New figures from the Office of National Statistics have shown that emissions from motor vehicles have actually dropped 12% in the four years between 2012 and 2016.
The drop comes as governments around the world, including the UK, have started to impose stricter regulations on the emissions being produced by cars including tougher penalties on older cars, especially diesel vehicles.
While the figures have been welcomed, some have warned that it fails to tell the bigger picture.

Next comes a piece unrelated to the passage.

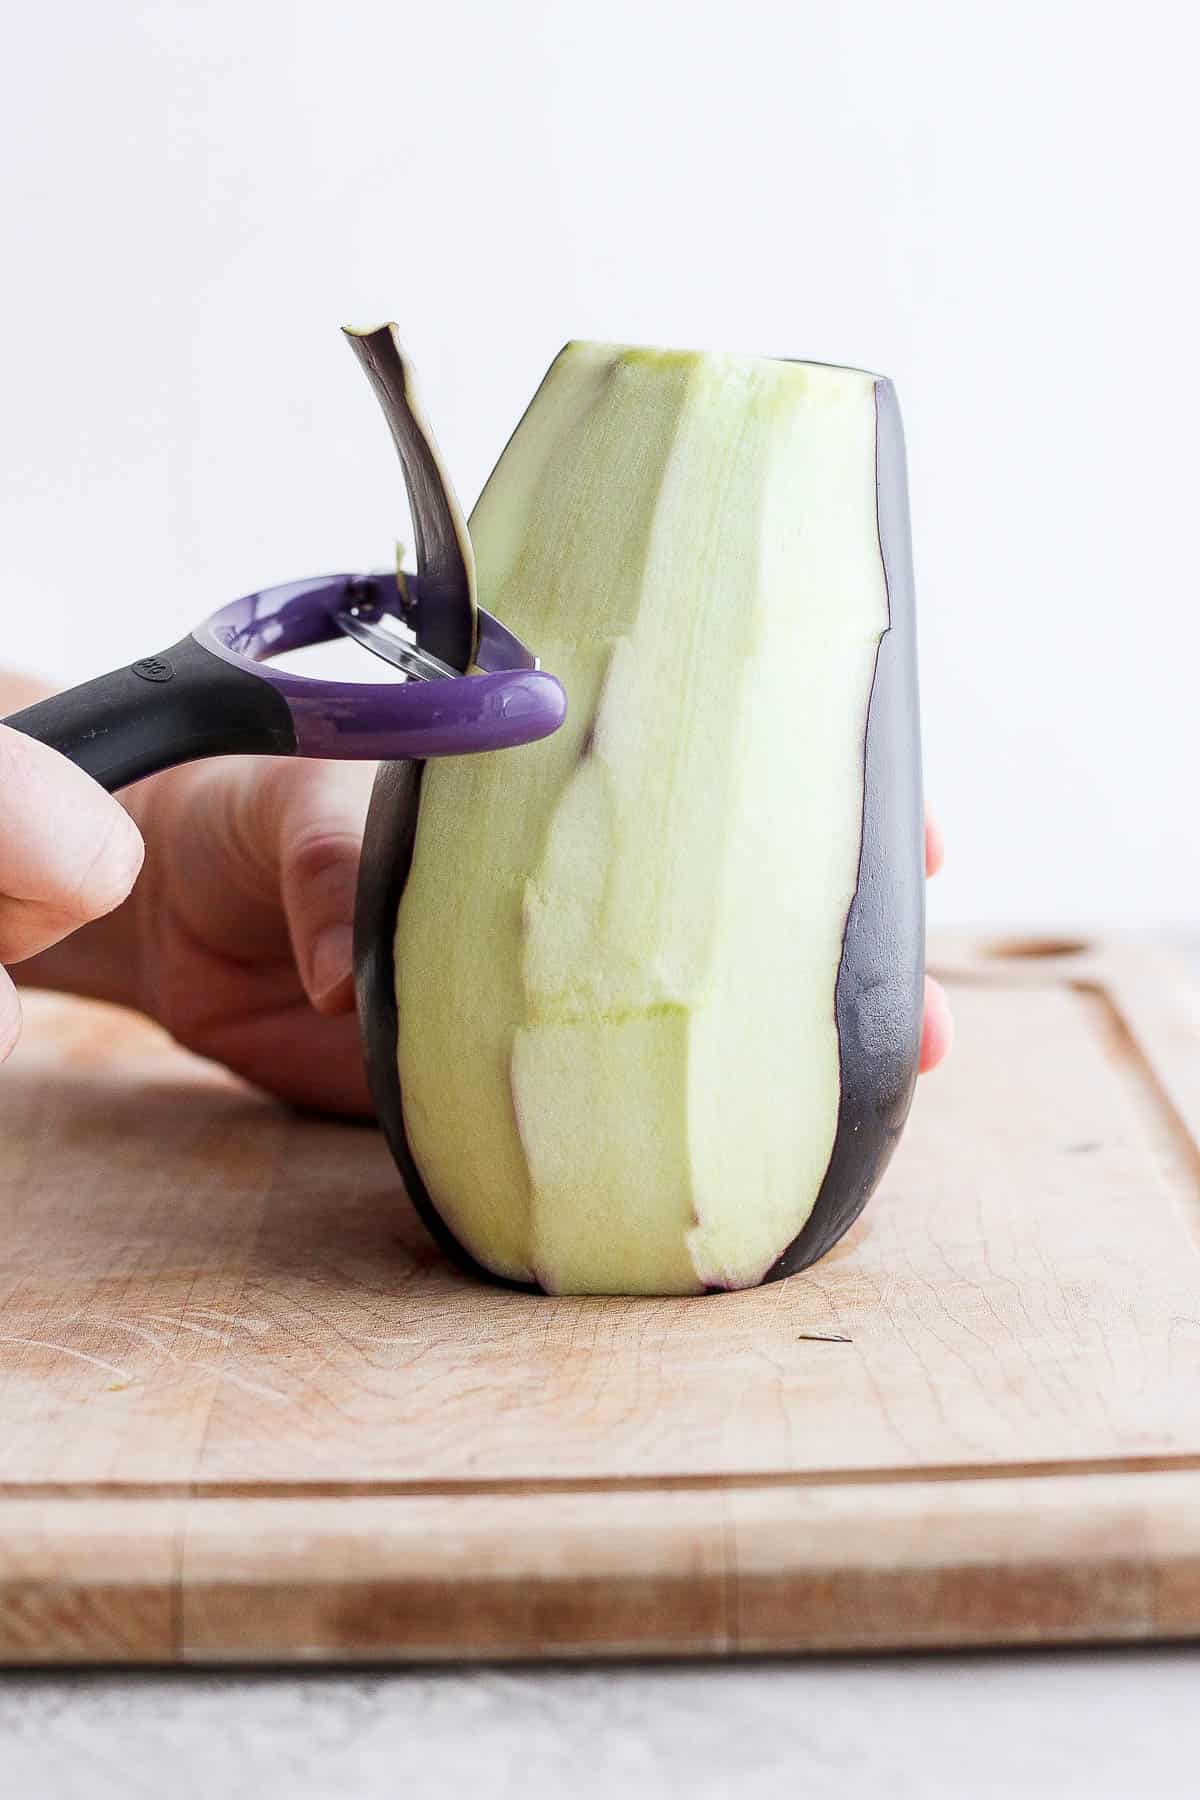 Peeling eggplant with wide peeler

One of the main sources for the overall drop in the levels of nitrogen oxides (NOx) has actually been due to the closure of several large coal-fired power stations.
In addition, green group ClientEarth points out that despite the drop of 12%, the share of pollution that road transport provides has actually increased from 34% in 2015 to 49% in 2016.
Senior Campaigner, Andrea Lee told HuffPost UK: “The reduction in emissions is good news but it fails to tell the whole story. Concentrations of nitrogen dioxide are still at illegal and harmful levels in our towns and cities, where the majority of people are exposed to it.”
Despite a focus on reducing industrial polluters such as closing fossil-fuel power stations, Lee believe the government should do more regarding the pollution levels coming from cars and public transport.
“The government needs to focus on urgently tackling illegal levels of air pollution with policies like clean air zones, targeted diesel scrappage schemes and other initiatives designed to help people move to cleaner forms of transport.” she said.
16 cities around the UK (including London) are still breaching the EU’s limits on NOx with London breaching its annual limit in just the first month.
Farming pollution on the rise
While the levels of NOx have fallen, there is one area where we’re seeing a rise in emissions and that’s in the levels of ammonia - caused mostly by farming.
“The fertiliser that’s applied to fields and the manure that is stored up over winter and is then spread on land in the springtime causes releases of ammonia, and this reacts with air pollution from industry and traffic to form these particle episodes that extend over hundreds and hundreds of kilometres.” explains Dr Gary Fuller from Kings College London.